▶ _Directions for this task_
For the material below, the expected output is exactly the lines between the line holding "How Cow I help you?" and the line holding "Wedding Ceremony Anglesey Photographer", inclusive, with pictures left out.

▶ _Data_
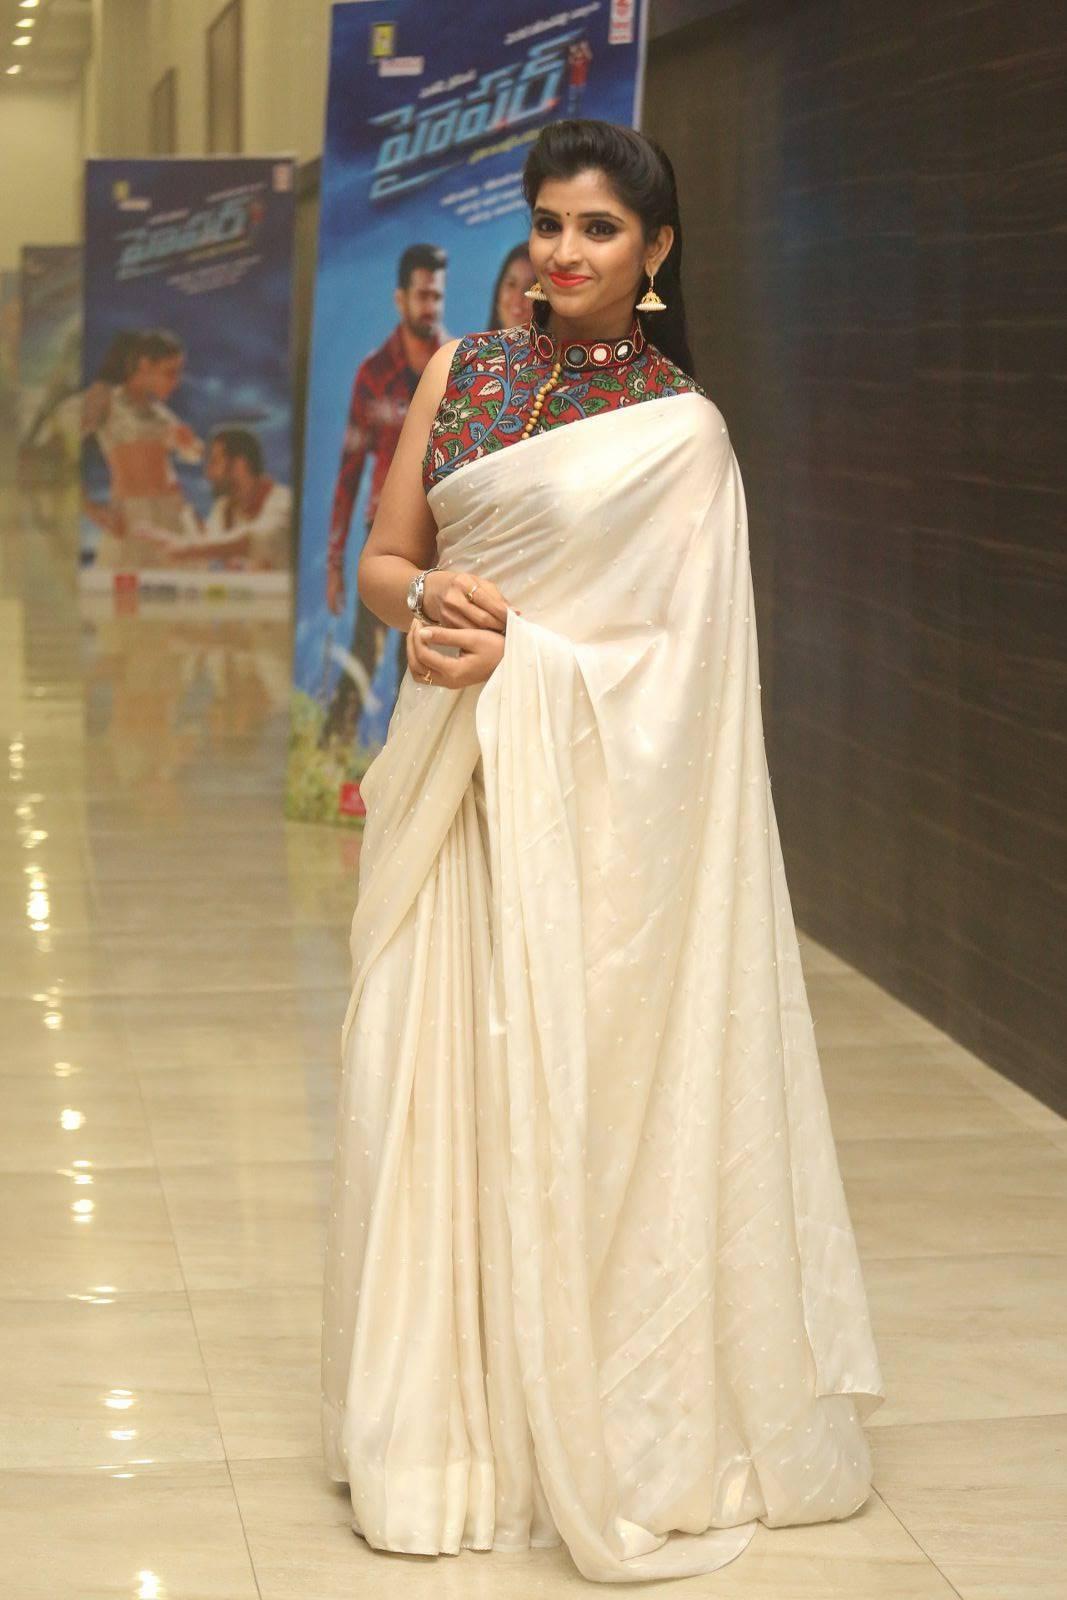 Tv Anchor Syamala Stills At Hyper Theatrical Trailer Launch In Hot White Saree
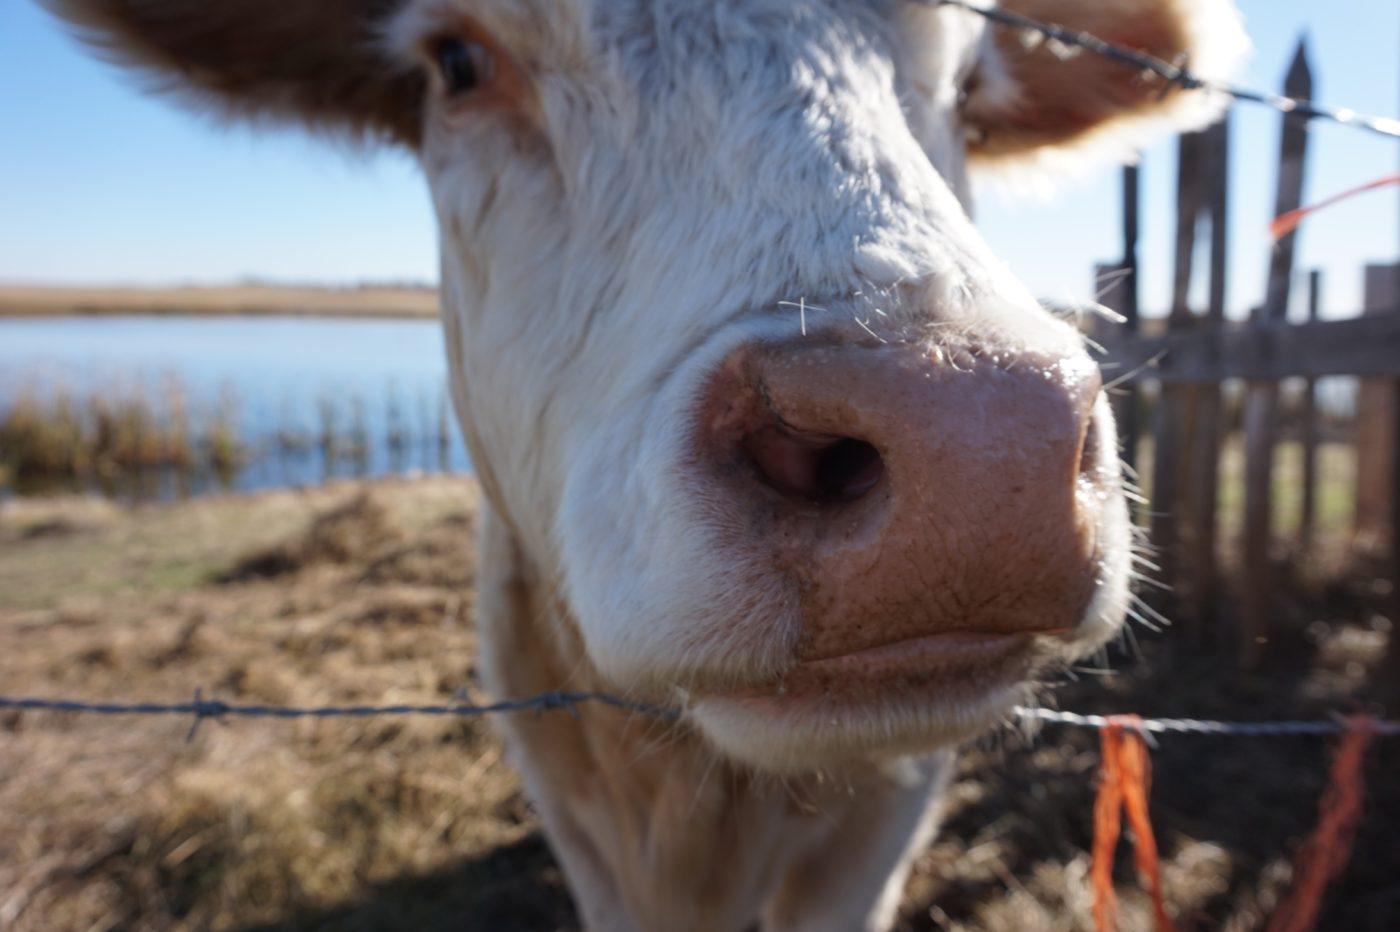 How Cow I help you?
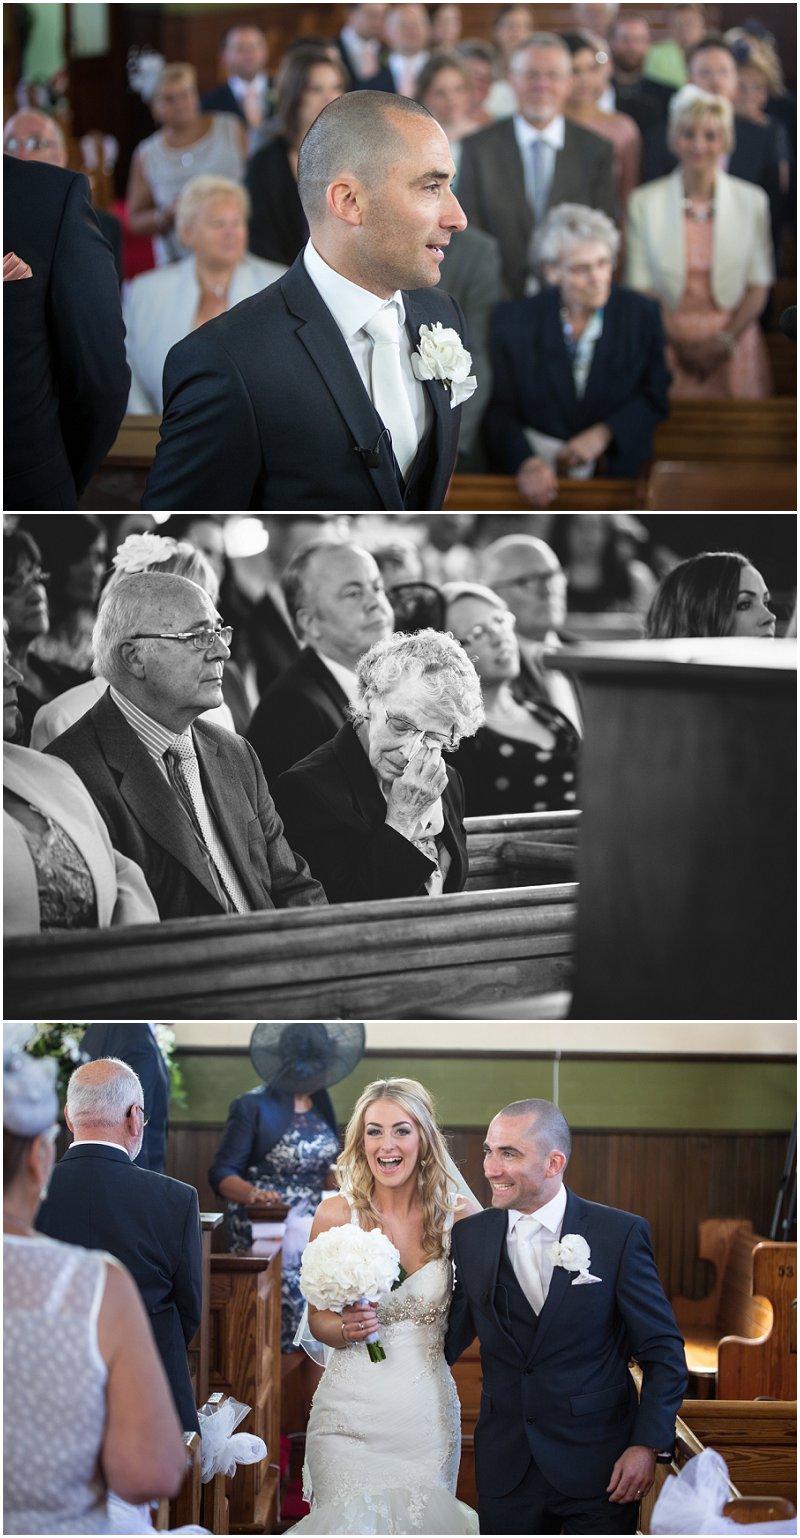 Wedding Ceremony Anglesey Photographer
* * *
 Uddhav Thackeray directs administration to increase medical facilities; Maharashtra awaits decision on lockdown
--
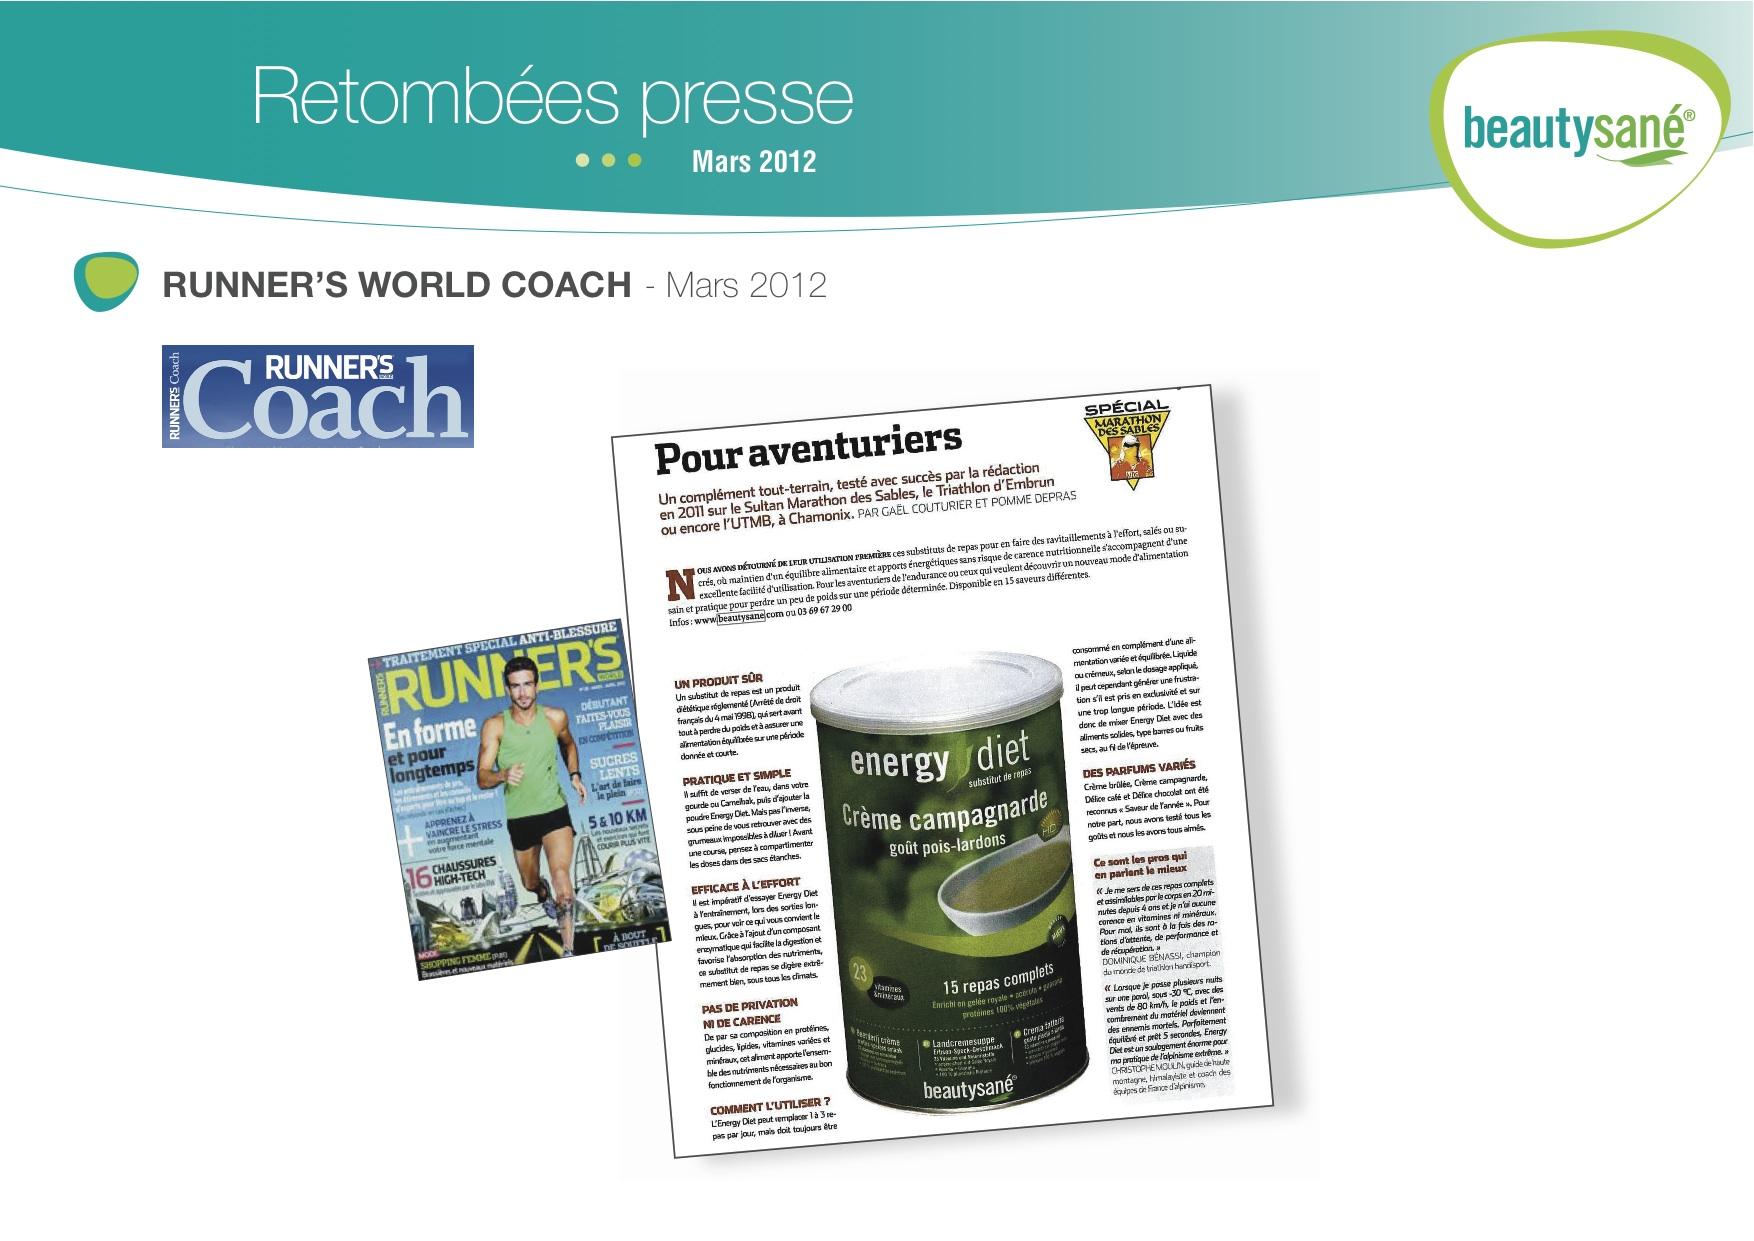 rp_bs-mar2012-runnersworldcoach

▶ _Exercise answer_
 How Cow I help you?
 Wedding Ceremony Anglesey Photographer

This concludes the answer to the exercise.